# Ceiling fans n drop ceiling



## 480sparky (Sep 20, 2007)

Arlington.


----------



## Clintmiljavac (Aug 18, 2011)

Thanks 480 for the fast respond, I'm going to check those out.

Sent from my iPhone using ET Forum


----------



## case320 (Mar 4, 2009)

2nd the Arlington. Quick and easy install


----------



## LightsOn81 (Jan 6, 2012)

Just in case the other suggestions don't work and it also depends if you can reach something structural above the dropped ceiling. You can try and drop a piece of all thread into a box with one of your standard box brackets for ceiling tiles.


----------



## zwodubber (Feb 24, 2011)

Saw these carlon ones on clearance at my supply house yesterday...

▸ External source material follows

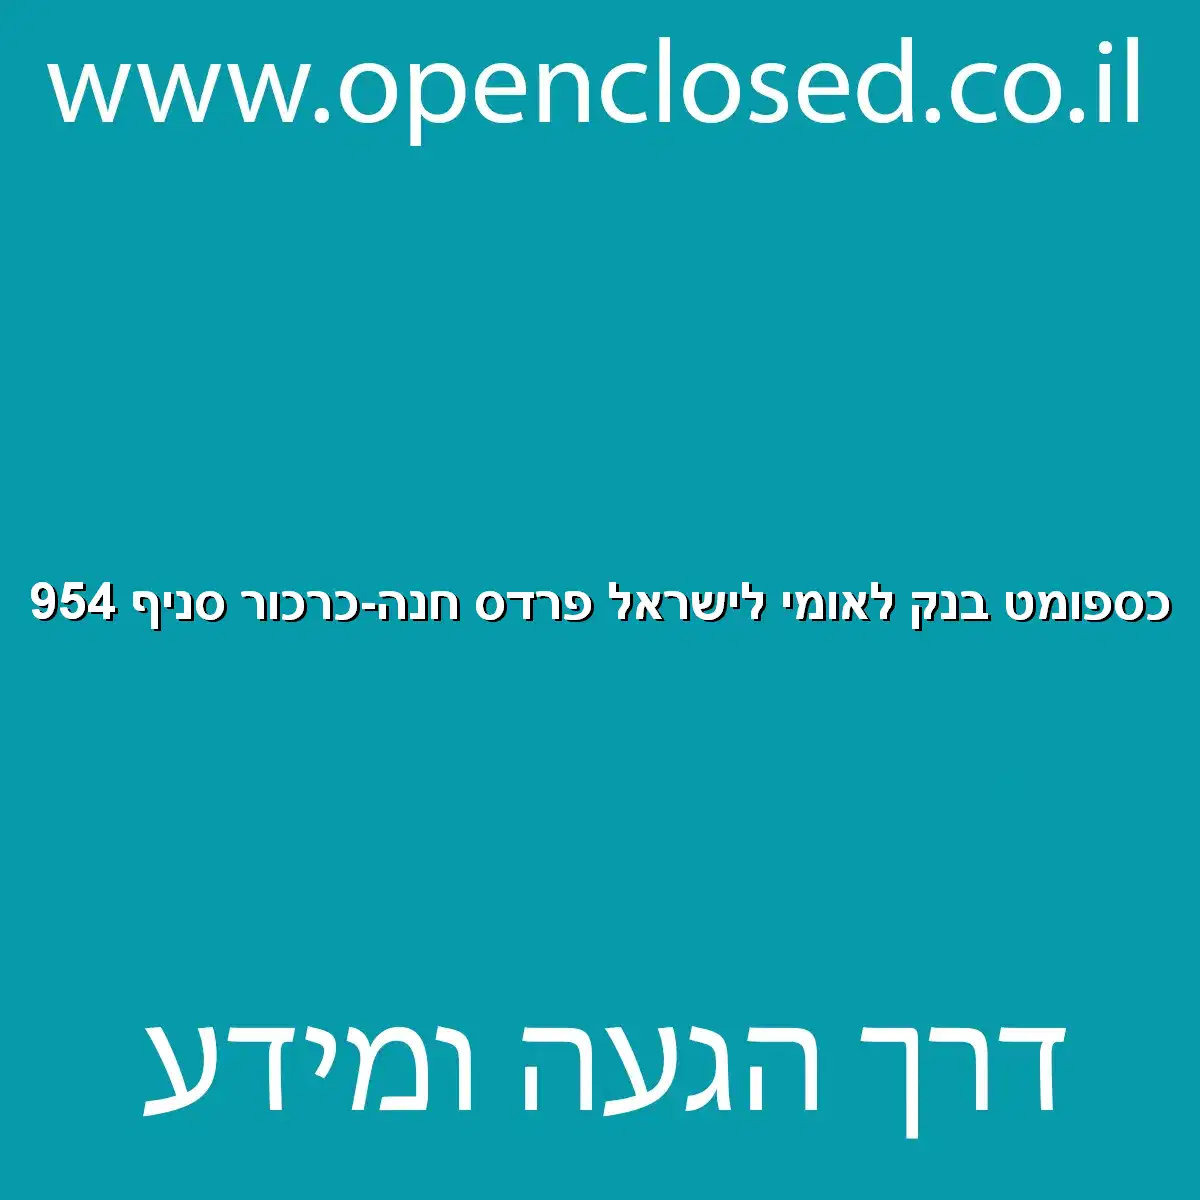 כספומט בנק לאומי לישראל פרדס חנה-כרכור סניף 954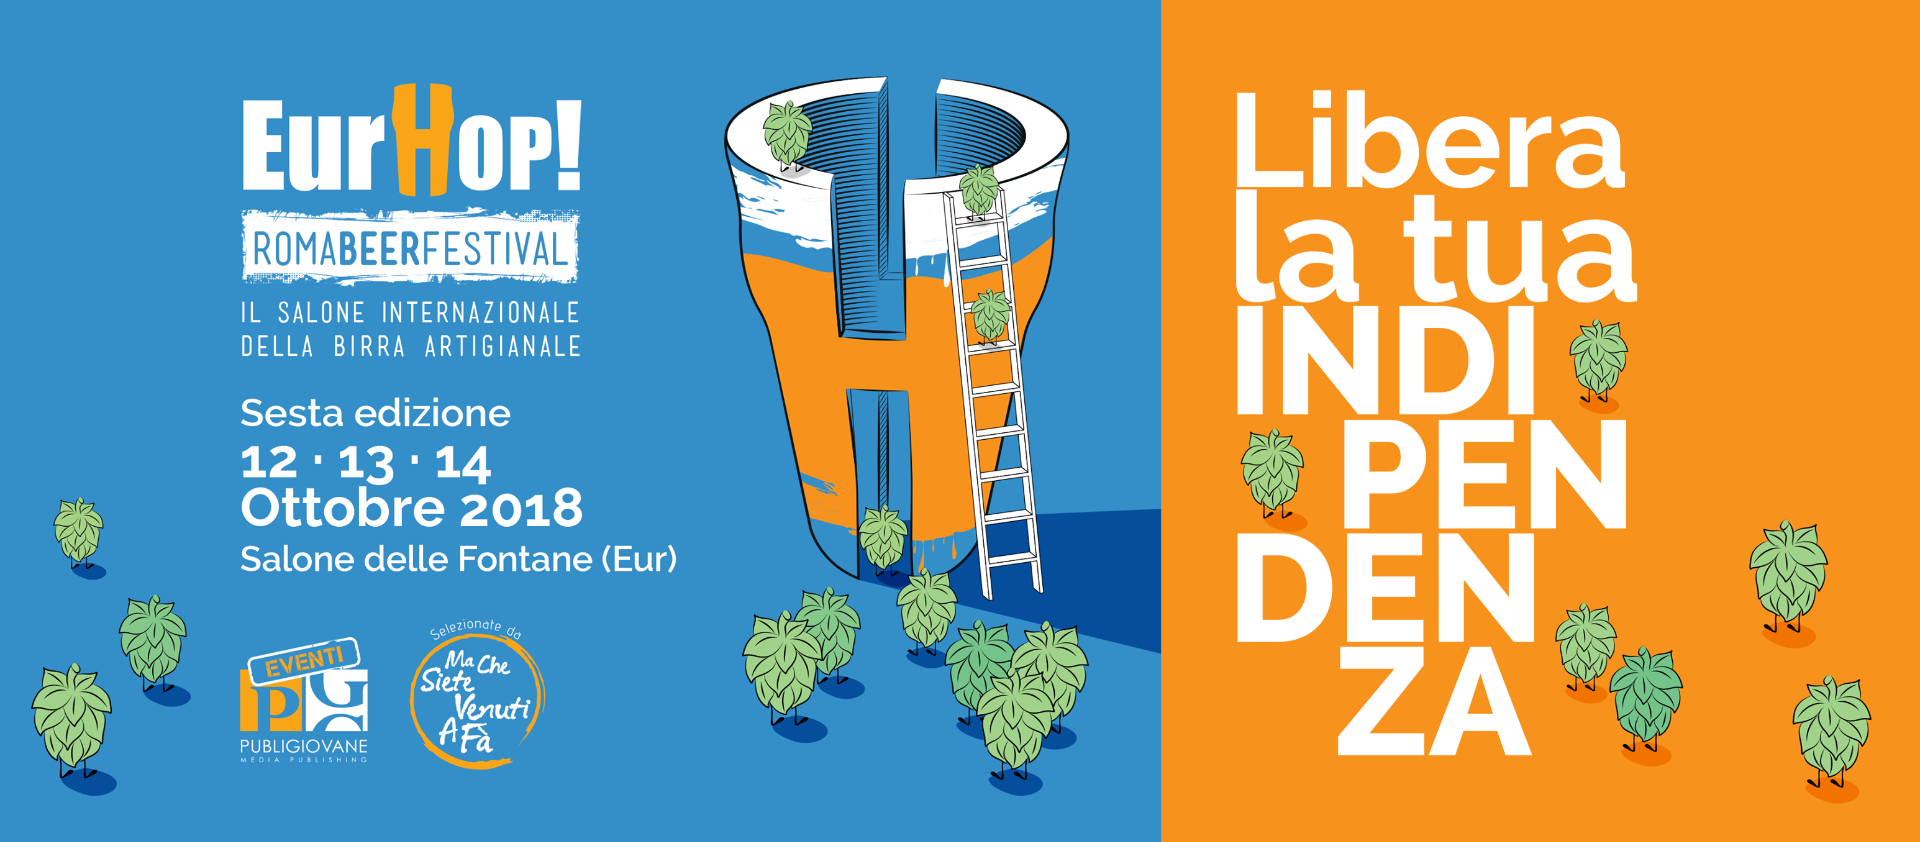 Dal 12 al 14 Ottobre 2018 la sesta edizione di EurHop! Roma Beer Festival

I've never tried them but it might be an option


----------



## Hairbone (Feb 16, 2011)

480sparky said:


> Arlington.


480,

You sick of answering that question every three days?:laughing:

Arlington should be paying you royalties:thumbsup:


----------



## Nigelforsythe (Jun 26, 2010)

Here's a link to another company's solution. http://www.erico.com/products/fanfixturemount.asp


----------



## MollyHatchet29 (Jan 24, 2012)

I've never installed fans in a drop tile but I've demo'd a few. (they're now in my ceiling). Whoever did mount them used 1 5/8" strut which mounted directly to the oc j box. HTH. 

Krystal


----------



## McClary’s Electrical (Feb 21, 2009)

klovelace29 said:


> i've never installed fans in a drop tile but i've demo'd a few. (they're now in my ceiling). Whoever did mount them used 1 5/8" strut which mounted directly to the oc j box. Hth.
> 
> Krystal


 
hth?


----------



## MollyHatchet29 (Jan 24, 2012)

Hope This Helps. Haha. Damn kids and their silly shorthand message board slang.


----------



## McClary’s Electrical (Feb 21, 2009)

KLovelace29 said:


> Hope This Helps. Haha. Damn kids and their silly shorthand message board slang.


 
Oh, I was going through a list of electrical parts trying to guess:laughing:


TFPTUIFUTR


----------



## 480sparky (Sep 20, 2007)

KLovelace29 said:


> Hope This Helps. Haha. Damn kids and their silly shorthand message board slang.


----------



## MollyHatchet29 (Jan 24, 2012)

That's on a whole different level. Wow. Haha! Translation?


----------